I actually got shades of ROCKY while watching this one. Not that Jolie slipped on boxing gloves and went to town on her persecutors, but in the sense that her character had the odds stacked against her (remember the flick is set in 20’s – women’s lib hit in the mid 70’s) but she still wouldn’t stop fighting. Big props to Angelina Jolie, for what is easily the best performance of career (although I will always have a soft spot for her sexy romp in GIA). Strong, endearing, vulnerable, Jolie tackled her layered role like a champ, communicated her character's evolution to a T and had me rooting for her the whole way. What a performance!

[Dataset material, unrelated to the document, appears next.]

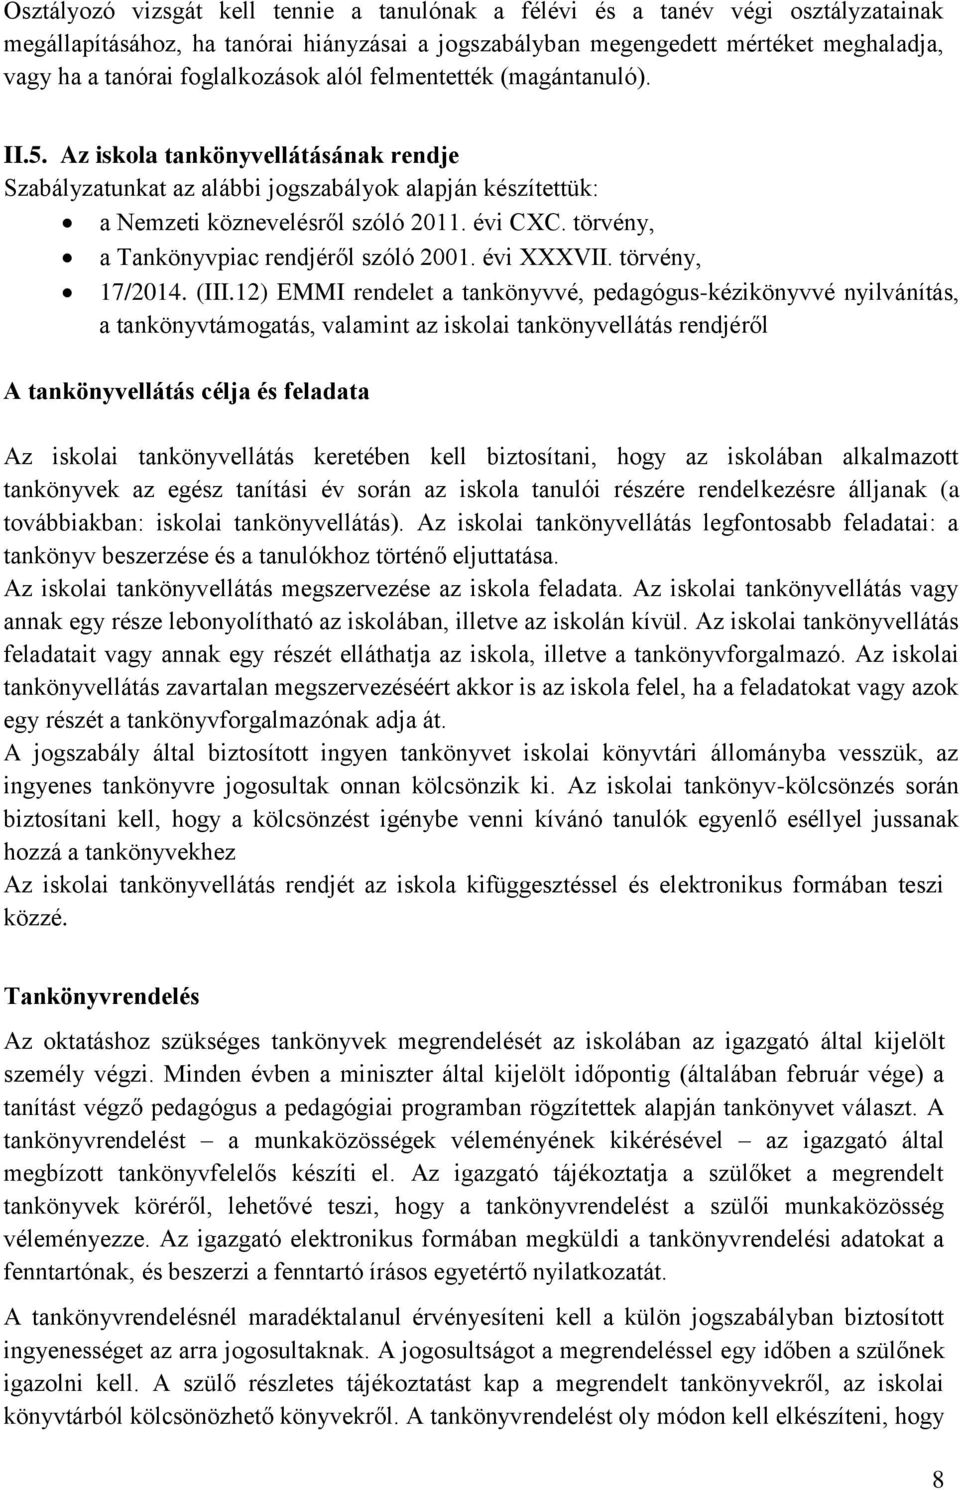 törvény, a Tankönyvpiac rendjéről szóló 2001. évi XXXVII. törvény, 17/2014. (III.

Visually, Eastwood was on top of his game (and I got 5 dollars and 69 cents that the Academy will be knocking on his door for this one), offering up a rich, colorful yet somehow still oppressive show (yep, the man's got skills behind the lens) that kept my retinas where they belonged – on the screen. The same can be said about the stellar score at hand (composed by The Man With No Name himself). It effortlessly supported and often elevated the film’s emotional core like all potent score’s should.

On a slight negative note, the film did lose some steam at certain points and I felt it. The words “get on with it already” popped in my mind a couple of times. In my opinion, it could’ve had 15 minutes or so shaved off its back in the name of pacing. Finally, a handful of the side characters had paper and thin written all of them. Granted, they served their purpose when it came to helping move the story forward but I can’t say the characters themselves were too memorable. Thank Zeus for the fine casting, which often made the one note characters more interesting than they should've been.

On the whole, CHANGELING was a well written (screenwriter J. Michael Straczynski really aced this one), superbly acted (next to Jolie, Amy Ryan impressed me the most here) and wholly engaging piece of celluloid drama. It was a rough way to start the day but I esteemed the rewarding pummeling none the less.